According to Johann Peter Kirsch, in 856 Ingiltrud, wife of Count Boso the Elder, had left her husband for one of his vassals. Henry Hart Milman says that the Count abandoned his wife. Nicholas commanded the bishops in the dominions of Charles the Bald to excommunicate her unless she returned to her husband. As she paid no attention to the summons to appear before the Synod of Milan in 860, she was put under the ban. Boso and Ingiltrud's daughter was Teutberga; she married Lothair II in 855.

It is very likely that at the time of his marriage, Lothar II already had a mistress named Waldrada. According to historian Baron Ernouf, Gunther was Waldrada's uncle and Thietgaud, Archbishop of Trier was her brother. According to the Annales Novienses, Waldrada was Gunther's sister. The Vita Sancti Deicoli says that Waldrada was related to Eberhard II, Count of Nordgau (included Strasbourg) family of Etichonids.
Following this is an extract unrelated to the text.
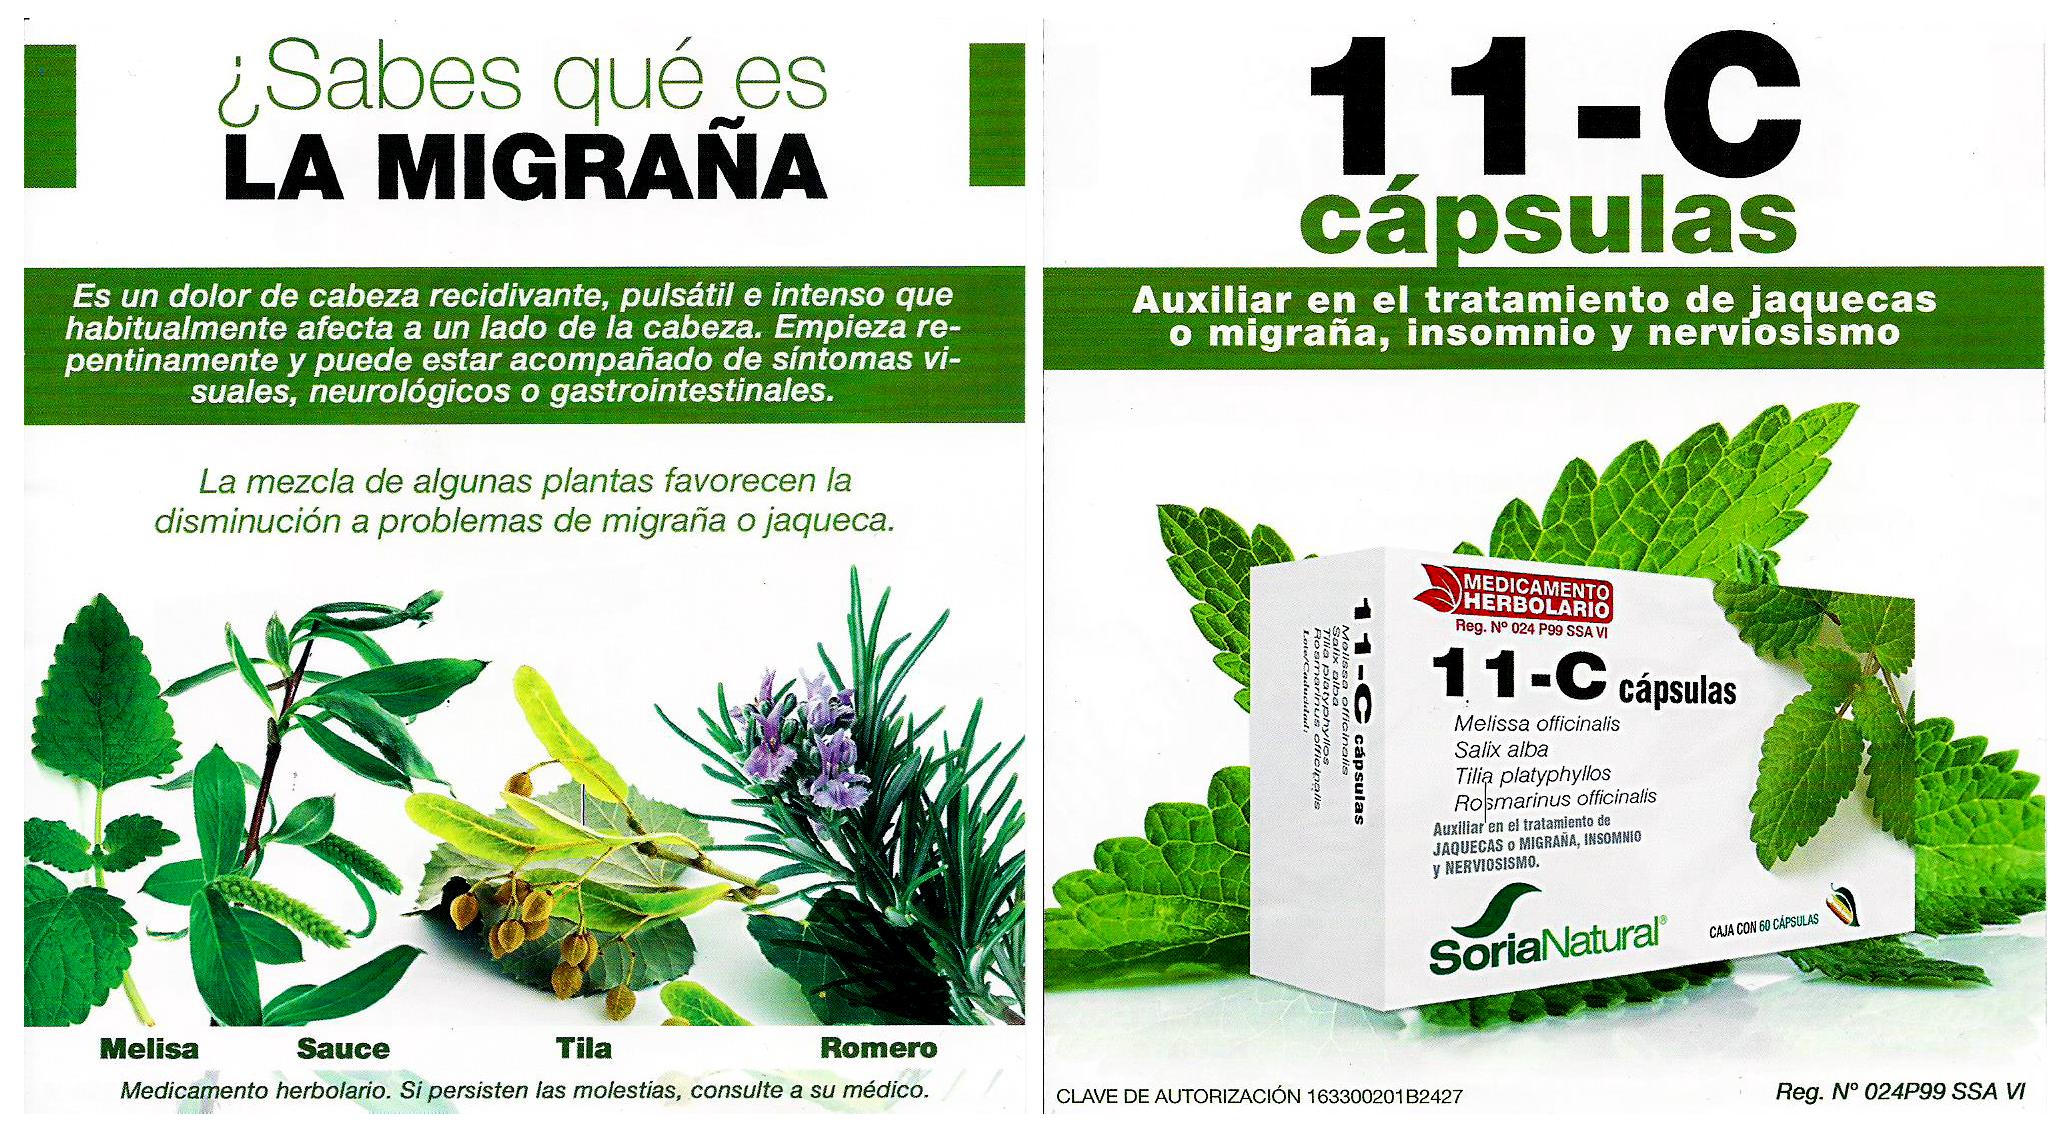 flyers-impresos-guadalupana-1-dic-160003y4
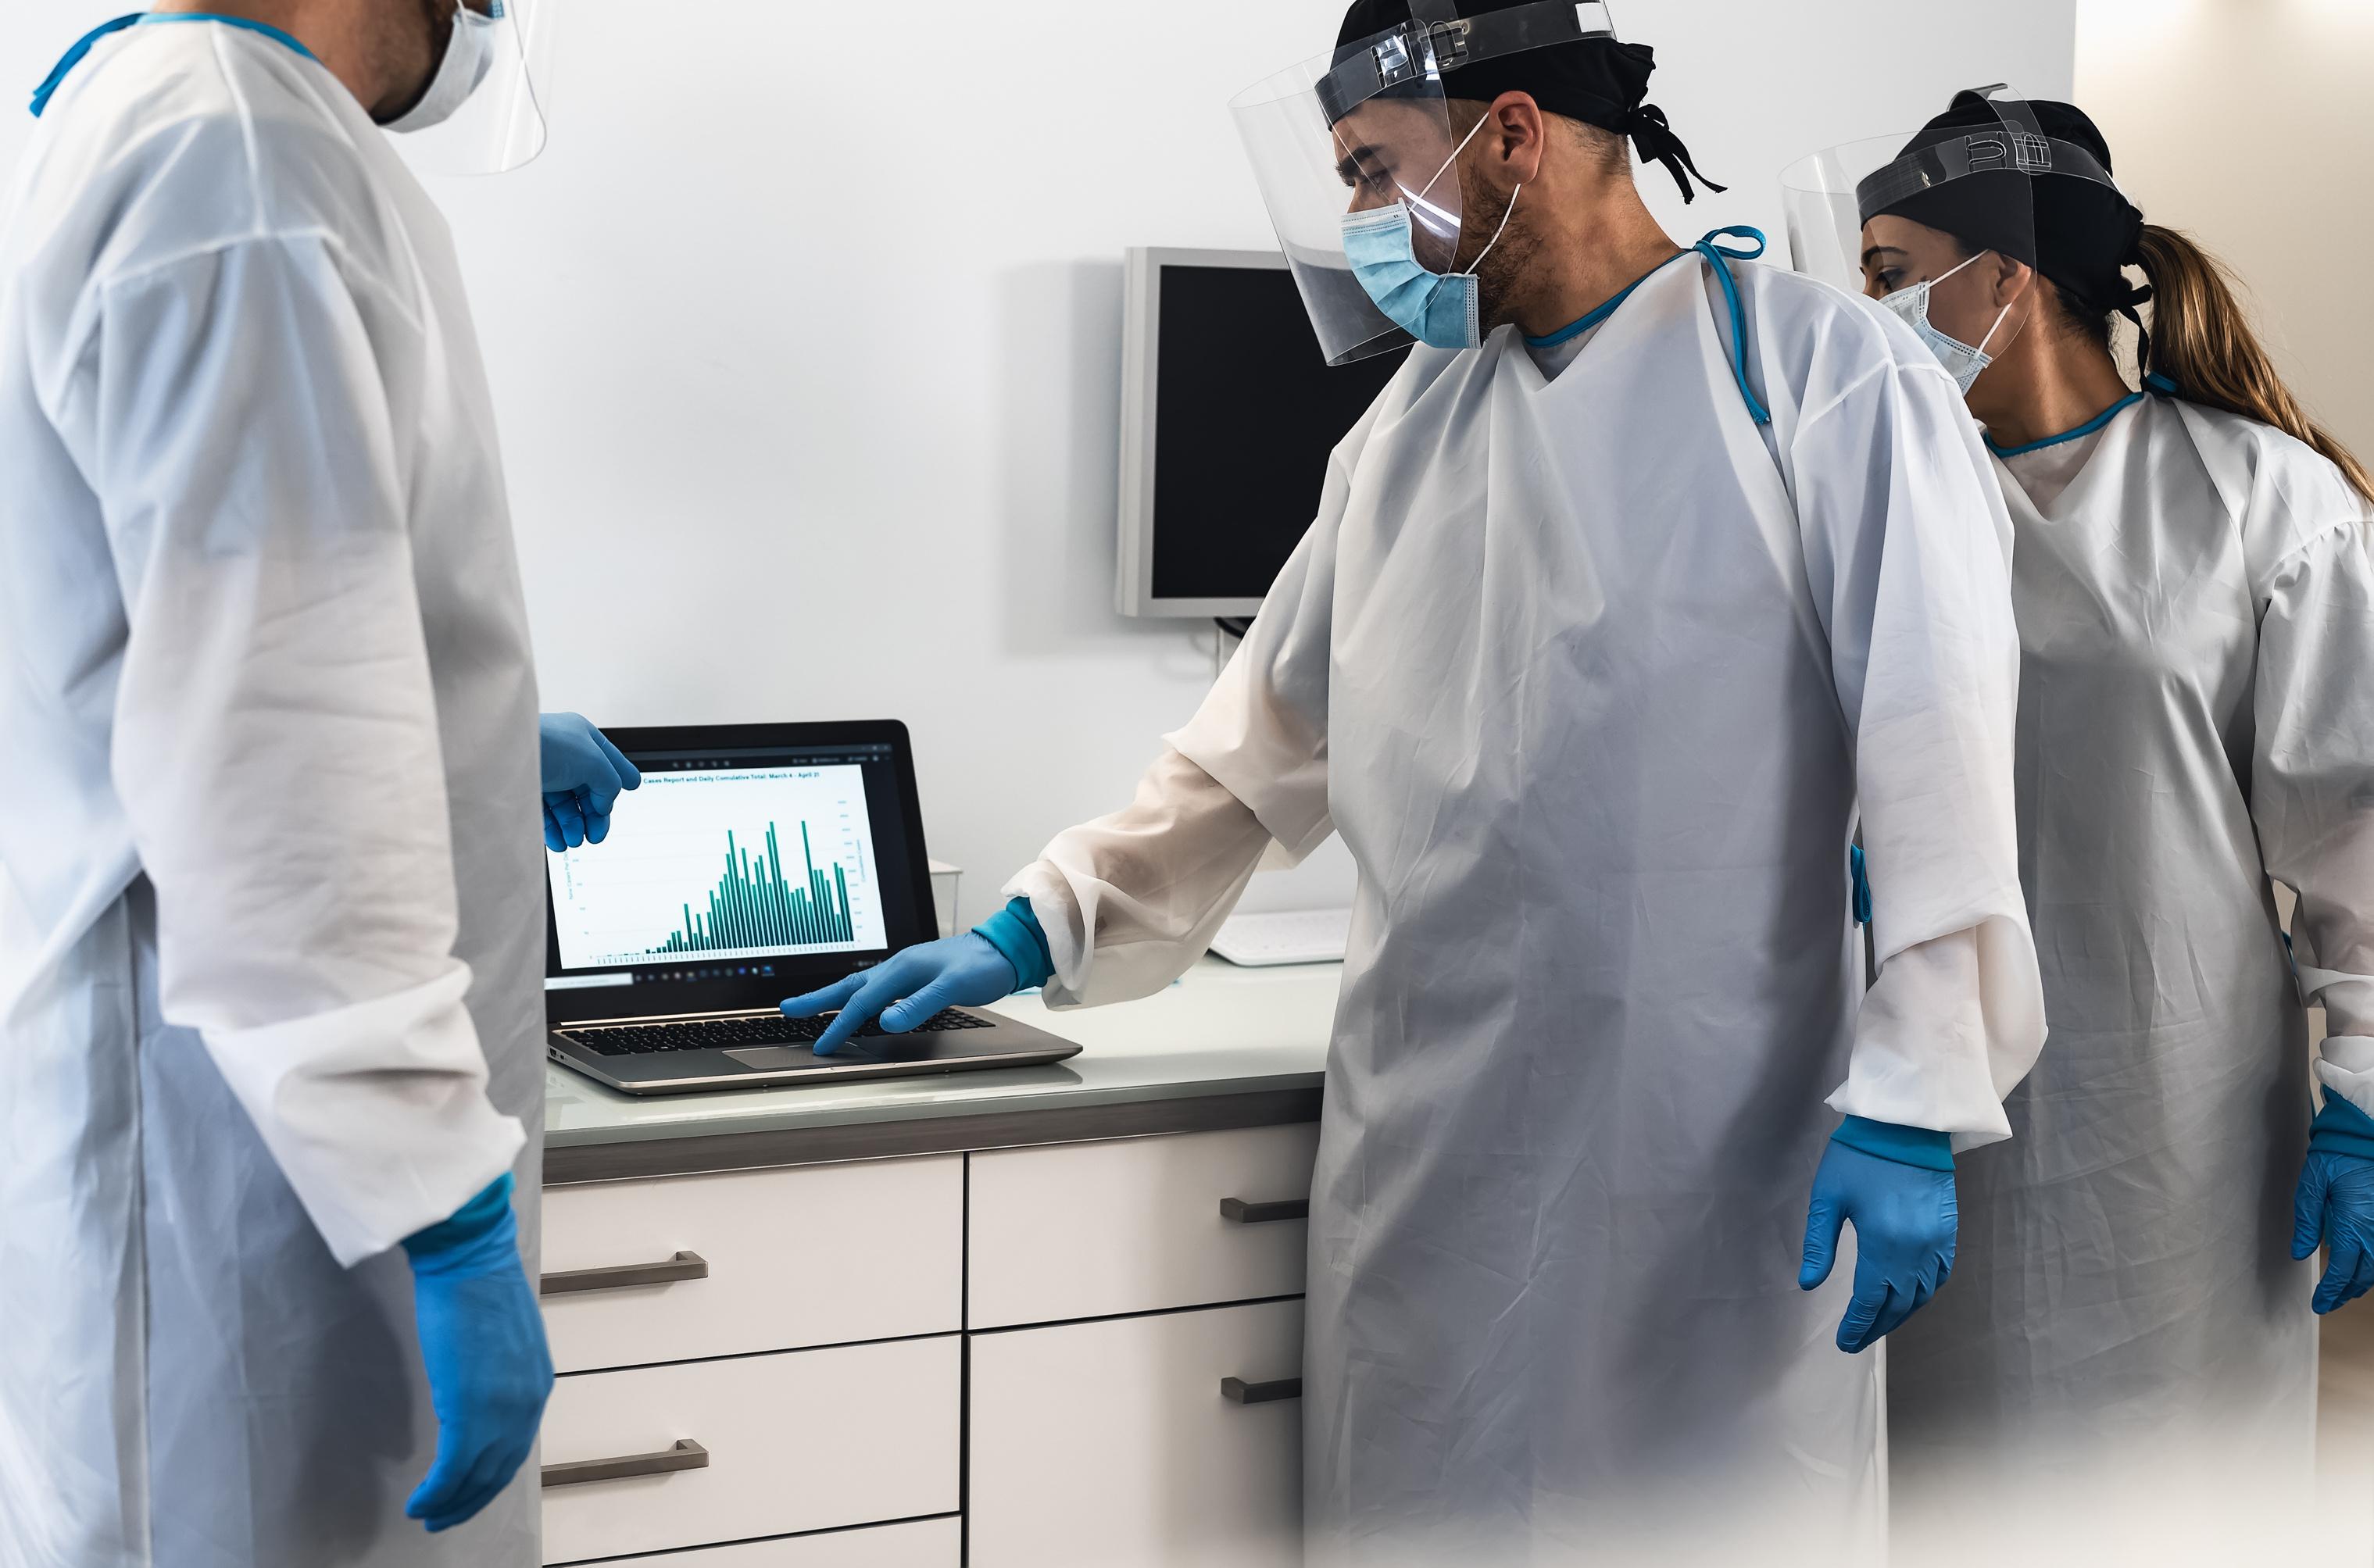 Le nombre total de décès enregistrés pendant la période pandémique de mars à juillet 2020 dépasse de loin ceux directement liés au COVID-19 (Visuel AdobeStock_379354779)

Gunther had become archchaplain of King Lothair II, who wished to divorce his lawful wife Teutberga. At a synod held at Aachen in January, and another in February, 860, a few bishops and abbots, under the leadership of Gunther, compelled Teutberga to declare that before her marriage with the king she had been violated by her brother. Upon her compulsory confession the king was allowed to discard her and she was condemned to a convent. At a third synod held at Aachen in April, 862, Gunther and a few other Lorraine bishops allowed the king to marry his concubine Waldrada. Nicholas I sent two legates to investigate the case, but the king bribed them, and at a synod which they held in Metz, in June, 863, the divorce was approved.

Gunther and Thietgaud brought the acts of the synod to the pope and asked for his approval. The pope convened a synod in the Lateran in October, 863, at which the decision of the Synod of Metz was rejected, and Gunther and Thietgaud, who refused to submit, were excommunicated and deposed. The two archbishops drew up a document of seven chapters (reprinted in P. L., CXXI, 377–380) in which they accused the pope of having unjustly excommunicated them. They sent copies of the document to the pope, the rebellious Photius, patriarch of Constantinople, and to the bishops of Lorraine. The pope, however, did not waver even when Emperor Louis II appeared before Rome with an army for the purpose of forcing him to withdraw the ban of excommunication from the archbishops.

Though excommunicated and deposed, Gunther returned to Cologne and performed ecclesiastical functions on Maundy Thursday, 864. When, however, the other bishops of Lorraine and King Lothair submitted to the pope, Gunther and Thietgaud appeared before the synod which the pope convened at Rome in November, 864, asking to be released from excommunication and restored to their sees, but they were unsuccessful.

After the accession of pope Adrian II, Gunther and Thietgaud returned to Rome in 867. Thietgaud was now freed from the ban, but Gunther remained excommunicated until the summer of 869, when, after a public retraction (P. L., CXXI, 381), he was admitted by the pope to lay communion at Monte Cassino abbey.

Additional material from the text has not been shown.